이번에는 Python의 statsmodels 모듈을 사용해서 KPSS 검정 (Kwiatowski-Phillips-Schmidt-Shin Test) 을 위한 사용자 정의함수를 정의해보겠습니다.

## UDF for KPSS test
from statsmodels.tsa.stattools import kpss
import pandas as pd

def kpss_test(timeseries):
    print("Results of KPSS Test:")
    kpsstest = kpss(timeseries, regression="c", nlags="auto")
    kpss_output = pd.Series(
        kpsstest[0:3], index=["Test Statistic", "p-value", "Lags Used"]
    )
    for key, value in kpsstest[3].items():
        kpss_output["Critical Value (%s)" % key] = value
    print(kpss_output)

이제 정상 시계열 z_all 에 대해서 위에서 정의한 kpss_test() 함수를 사용해서 정상성 여부를 확인해보겠습니다. p-value 가 0.065 로서 유의수준 10% 하에서 귀무가설 (H0: 정상 시계열이다) 를 채택하고, 대립가설 (H1: 정상 시계열이 아니다) 를 기각합니다. (유의수준 5% 하에서는 대립가설 채택). (맞음 ^_^)

* 이때, KPSS 검정은 ADF 검정과는 귀무가설과 대립가설이 정반대이므로 해석에 조심하시기 바랍니다.

kpss_test(z_all) # p-value 0.065035 => stationary at significance level 10%

# Results of KPSS Test:
# Test Statistic           0.428118
# p-value                  0.065035
# Lags Used                5.000000
# Critical Value (10%)     0.347000
# Critical Value (5%)      0.463000
# Critical Value (2.5%)    0.574000
# Critical Value (1%)      0.739000
# dtype: float64

(2) 추세를 가진 비정상 시계열 데이터 (non-stationary time series with trend)
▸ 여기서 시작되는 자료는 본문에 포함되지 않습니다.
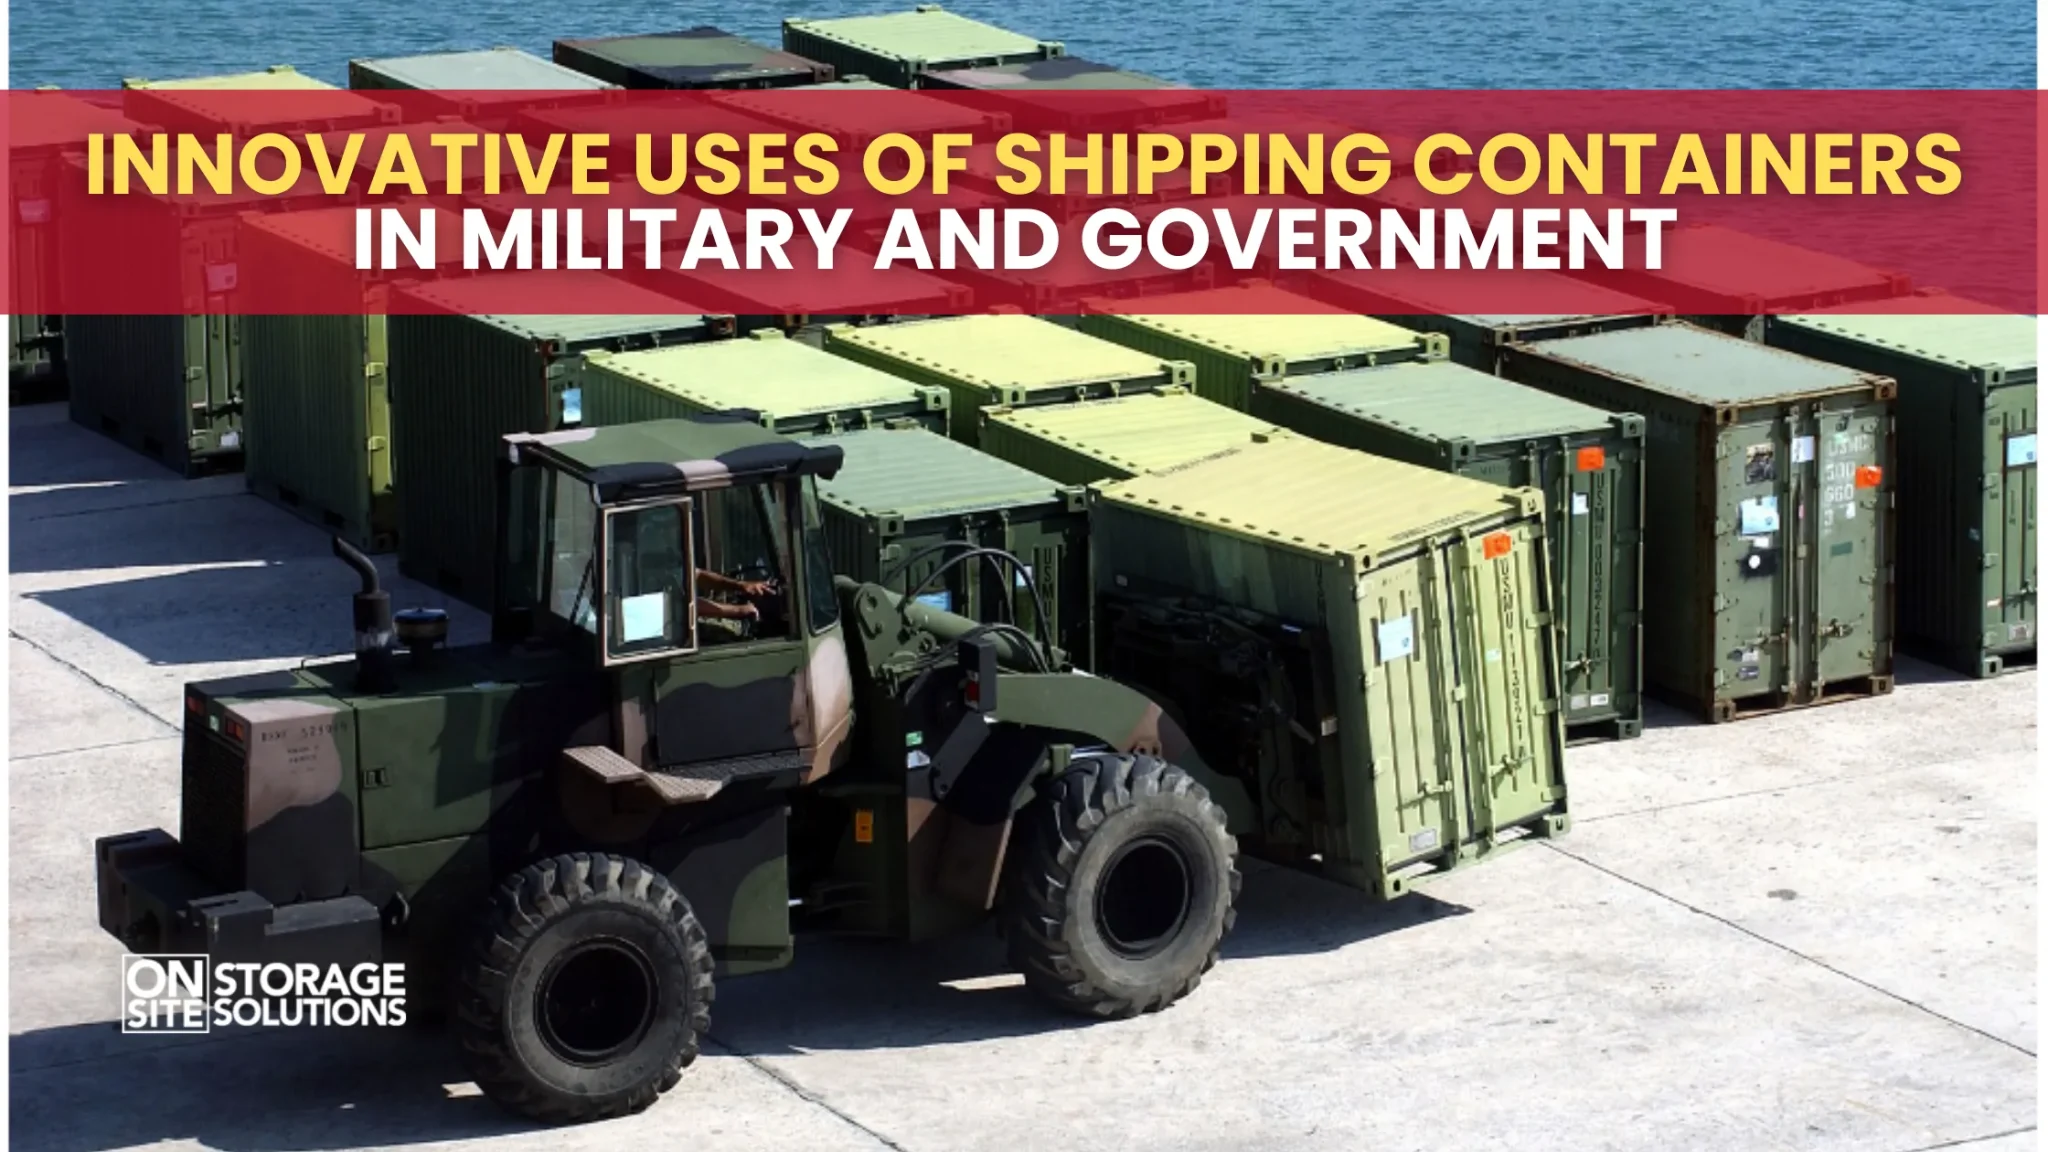 Innovative Uses of Shipping Containers in Military and Government

다음으로, 추세(trend)를 가지는 가상의 비정상(non-stationary) 시계열 데이터를 만들어보겠습니다. 평균이 일정하지 않으므로 비정상 시계열이 되겠습니다.

## time series with trend
np.random.seed(1) # for reproducibility
ts_trend = 0.01*np.arange(200) + np.random.normal(0, 0.2, 200)

## plotting
plt.plot(ts_trend)
plt.title("time series with trend", fontsize=16)

plt.show()

time series with trend (non-stationary process)

(2-a) ADF 검정 (ADF test)

위의 추세를 가지는 비정상 시계열 데이터에 대해 ADF 검정 (ADF test)를 실시해보면, p-value가 0.96 으로서 유의수준 5% 하에서 귀무가설 (H0: 시계열이 단위근을 가진다. 즉, 정상 시계열이 아니다) 을 채택하고, 귀무가설 (H1: 시계열이 단위근을 가지지 않는다. 즉, 정상 시계열이다.) 을 기각합니다. (맞음 ^_^)

## checking the stationarity of a series using the ADF(Augmented Dickey-Fuller) Test
# -- Null Hypothesis: The series has a unit root.(not stationary.)
# -- Alternate Hypothesis: The series has no unit root.(stationary.)

adf_test(ts_trend) # p-value 0.96 => non-stationary

# Results of Dickey-Fuller Test:
# Test Statistic                   0.125812
# p-value                          0.967780
# #Lags Used                      10.000000
# Number of Observations Used    189.000000
# Critical Value (1%)             -3.465431
# Critical Value (5%)             -2.876957
# Critical Value (10%)            -2.574988
# dtype: float64

(2-b) KPSS 검정 (KPSS test)

추세(trend)를 가지는 시계열에 대해 KPSS 검정(KPSS test)을 실시해보면, p-value 가 0.01 로서 귀무가설 (H0: 정상 시계열이다) 를 기각하고, 대립가설 (H1: 정상 시계열이 아니다) 를 채택합니다. (맞음 ^_^)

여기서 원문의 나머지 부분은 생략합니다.